Il bomba son énorme torse, puis tout à coup son intonation se transforma :

« Pardonnez-moi ce frivole badinage familial, monsieur Malone. Je vous ai appelé pour des motifs plus sérieux. Vous n’avez pas à vous mêler de ces petites plaisanteries domestiques… File, petite bonne femme, et ne te tracasse pas…

Il posa sur ses épaules une grosse patte, en ajoutant :

« Tout ce que tu dis est la vérité même. Je serais un homme meilleur si je suivais tes conseils ; mais si je les suivais, je ne serais plus tout à fait George Edward Challenger. Il existe quantité d’hommes meilleurs, ma chère, mais il n’existe qu’un G. E. C. Alors arrange-toi pour le mieux…

Il lui décocha un baiser bruyant, qui me gêna encore plus que toute sa violence.

« Maintenant, monsieur Malone, reprit-il avec toute sa dignité retrouvée, par ici s’il vous plaît !

Nous rentrâmes dans la pièce que nous avions si tumultueusement quittée dix minutes plus tôt.
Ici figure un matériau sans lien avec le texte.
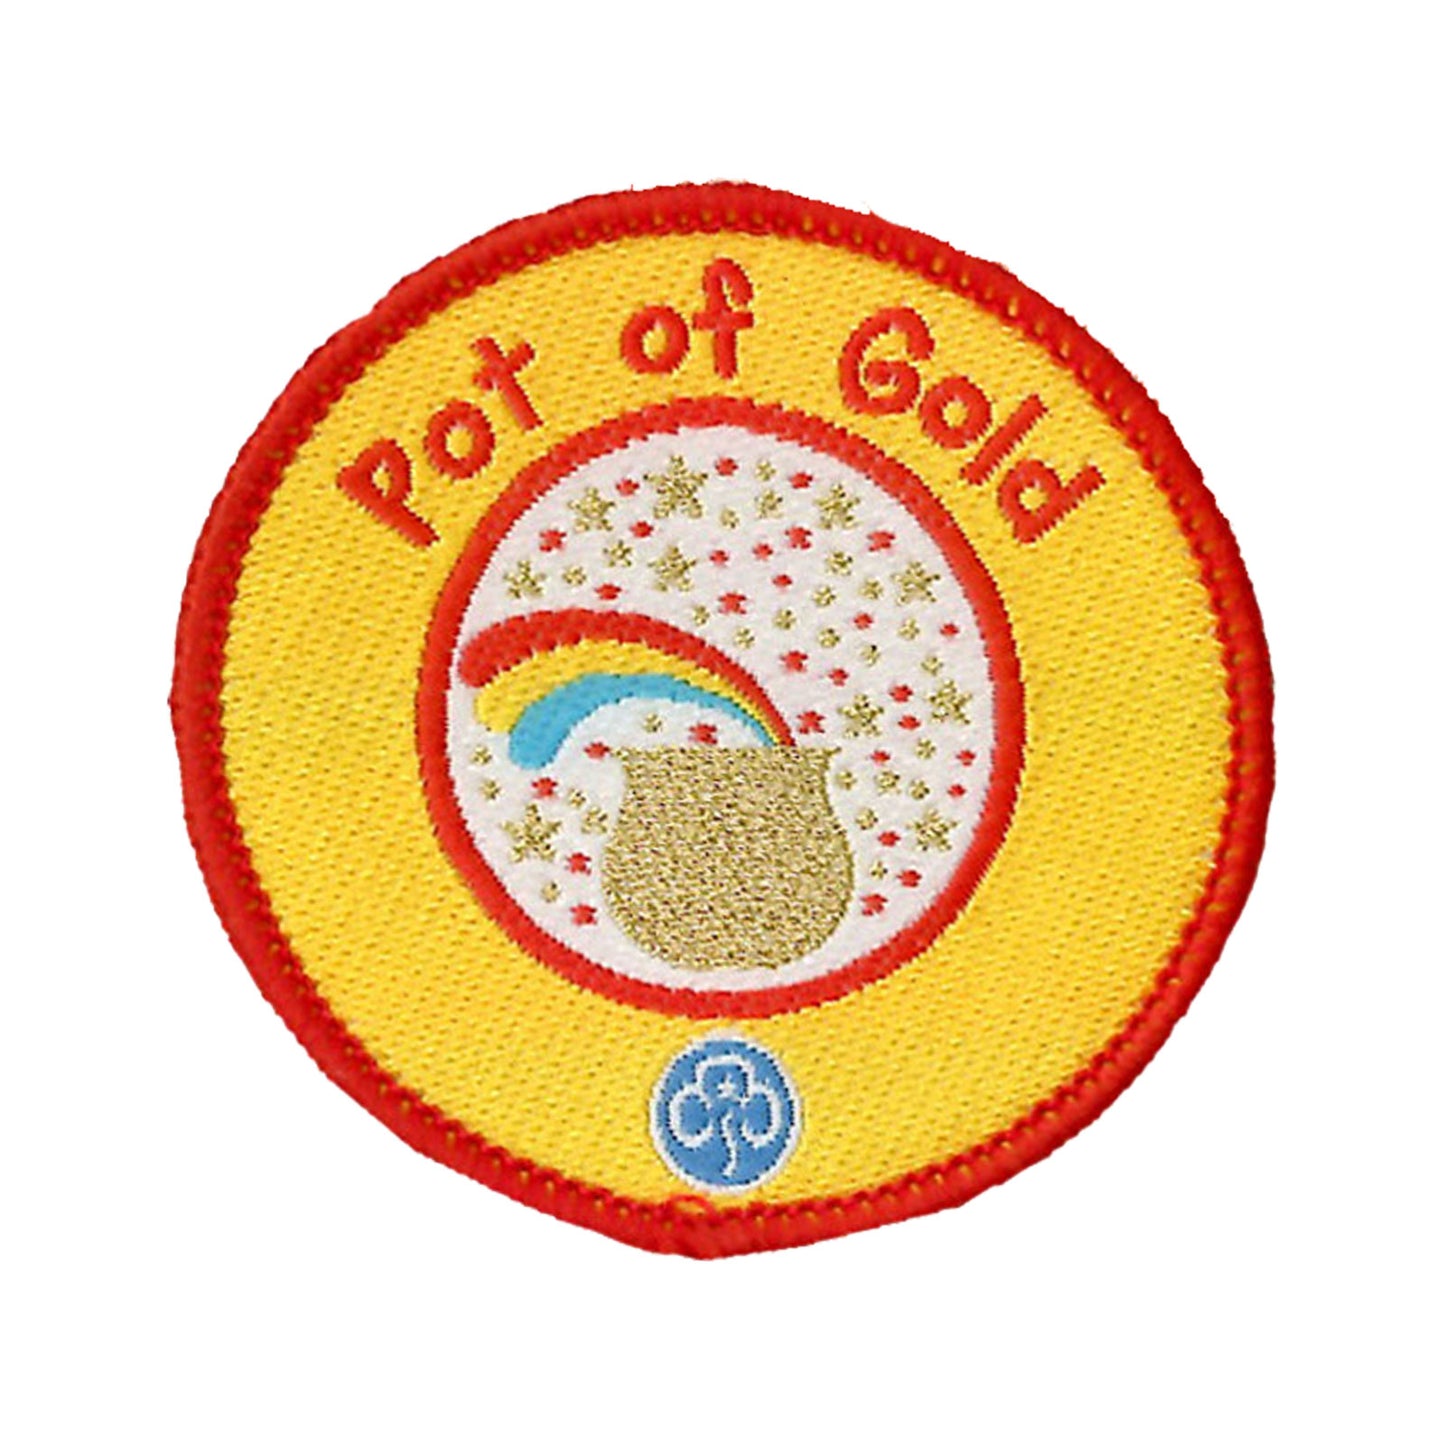 Pot of Gold Badges (5pk)

Le professeur ferma la porte, me poussa vers un fauteuil, et plaça une boîte de cigares sous mon nez.

« De vrais San Juan Colorado ! dit-il. Les gens émotifs de votre espèce sont les meilleurs experts en narcotiques. Ciel ! Ne mordez pas dedans ! Coupez-le… coupez-le avec respect ! Maintenant, adossez-vous paisiblement et écoutez ce que je vais vous dire. Si vous avez une observation à me faire, réservez-la pour un autre jour.
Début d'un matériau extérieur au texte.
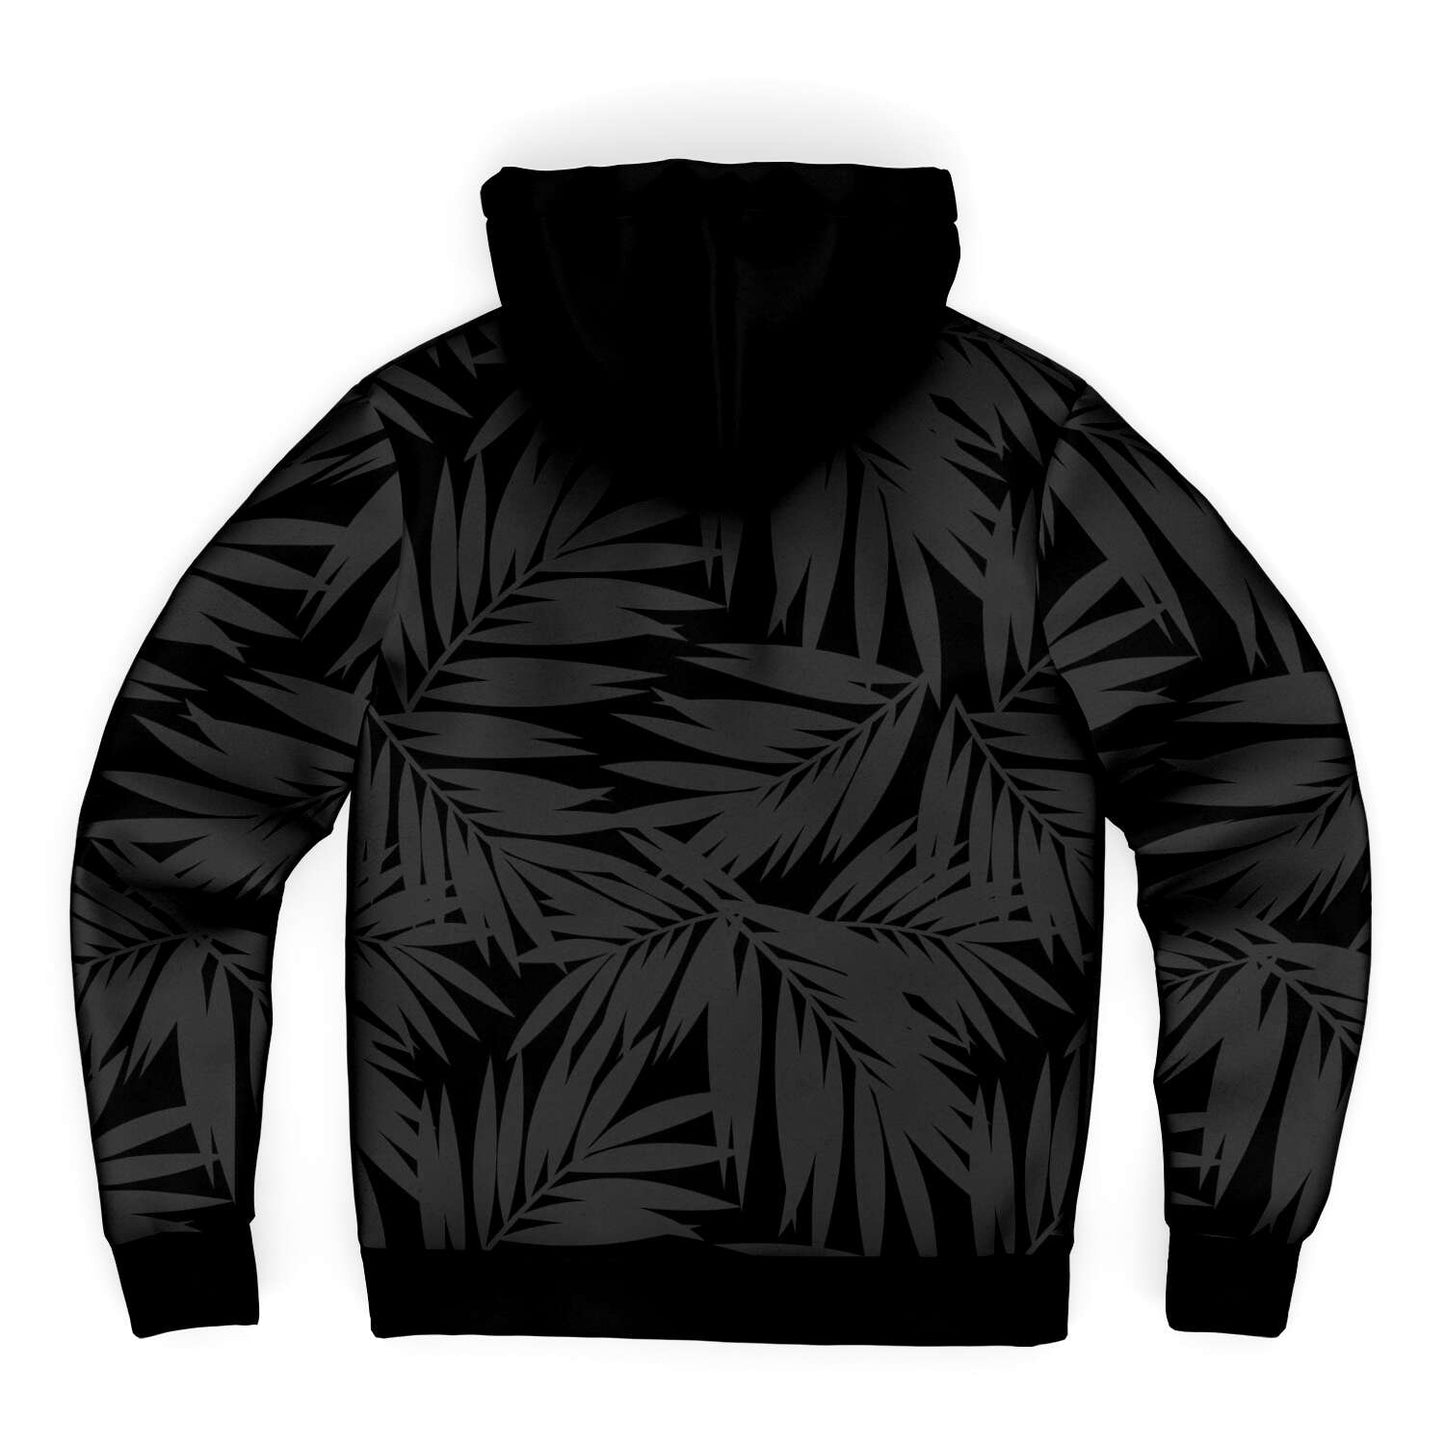 Hafa Adai Coconut Leaves Guam CNMI Black Microfleece Hoodie Jacket

« En premier lieu, pour ce qui est de votre retour chez moi après votre expulsion si justifiée…

Il lança sa barbe en avant et me regarda comme quelqu’un qui défie et invite à la contradiction ; mais je ne bronchai pas.
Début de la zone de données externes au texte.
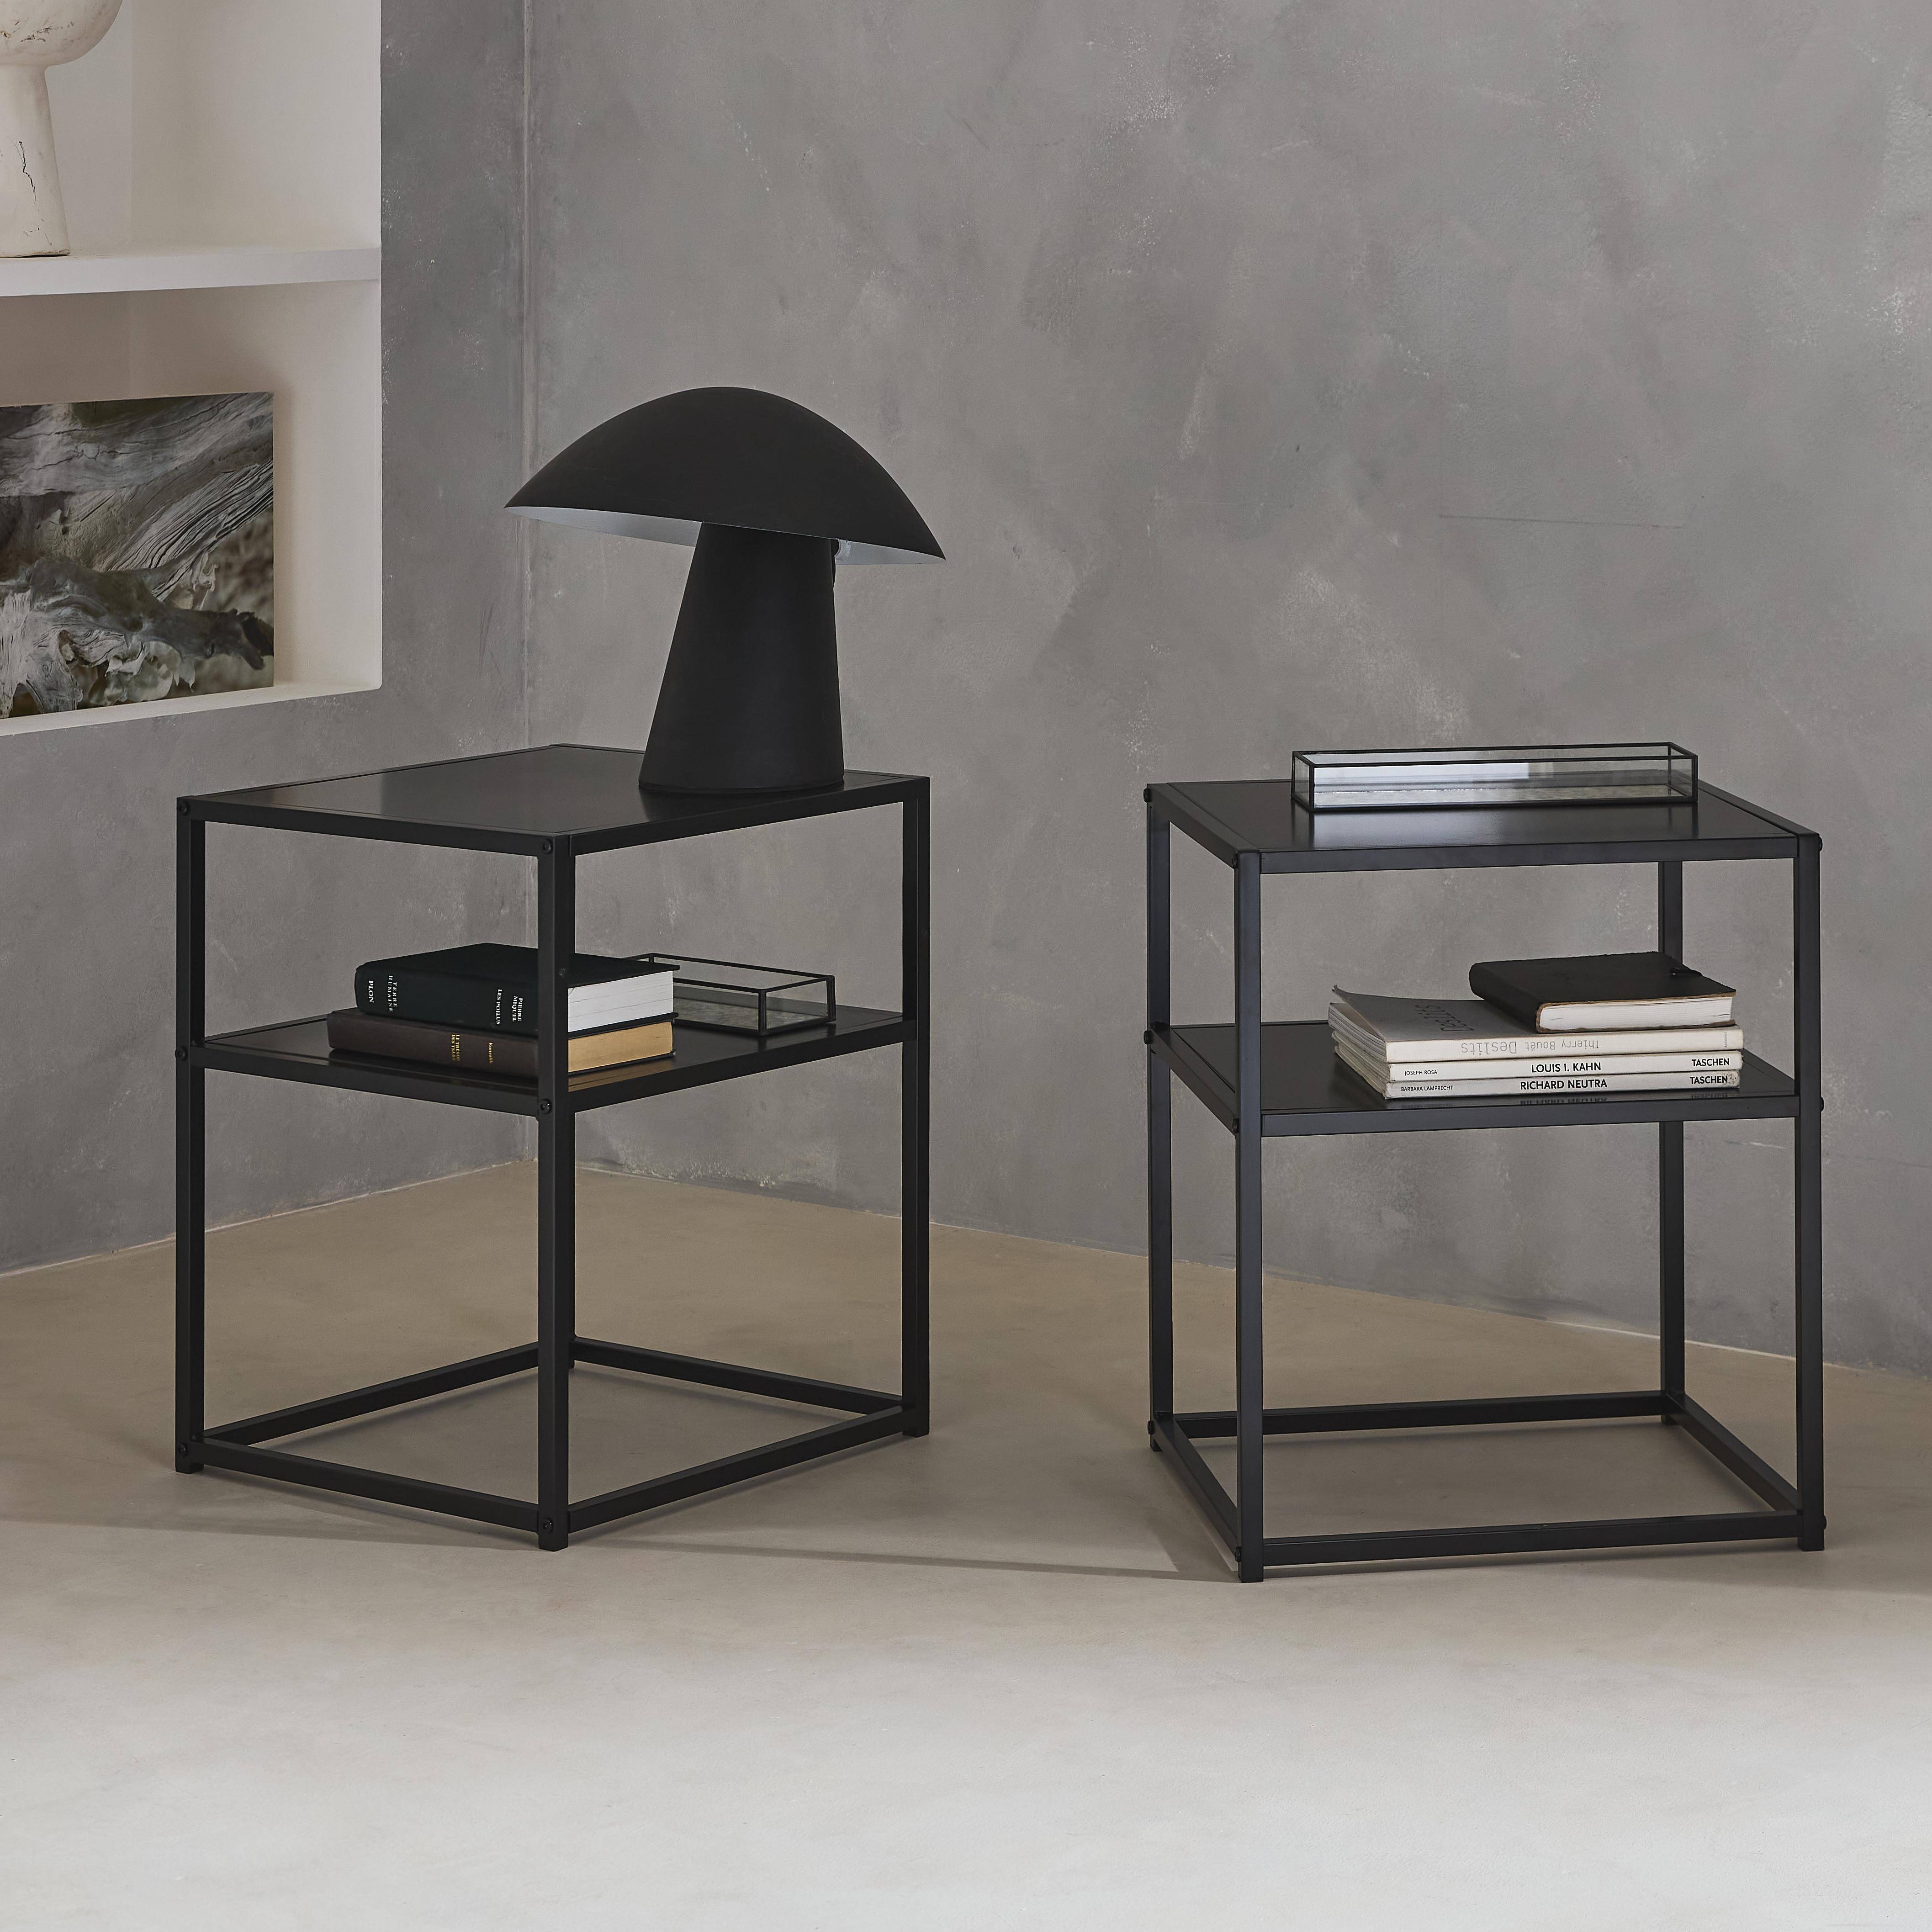 Set of 2 black metal bedside tables, 1 shelf, INDUSTRIAL L43xW40xH52cm,sweeek,Photo2

« … après, comme je l’ai dit, votre expulsion bien méritée, la raison en est la réponse que vous avez faite à ce policeman ; j’ai cru y discerner un éclair de bon sentiment… meilleur, en tout cas, que ceux que jusqu’ici votre profession m’a témoignés. En admettant que la responsabilité de l’incident vous incombait, vous avez administré la preuve d’un certain détachement de l’esprit et d’une largeur de vues qui m’ont impressionné favorablement.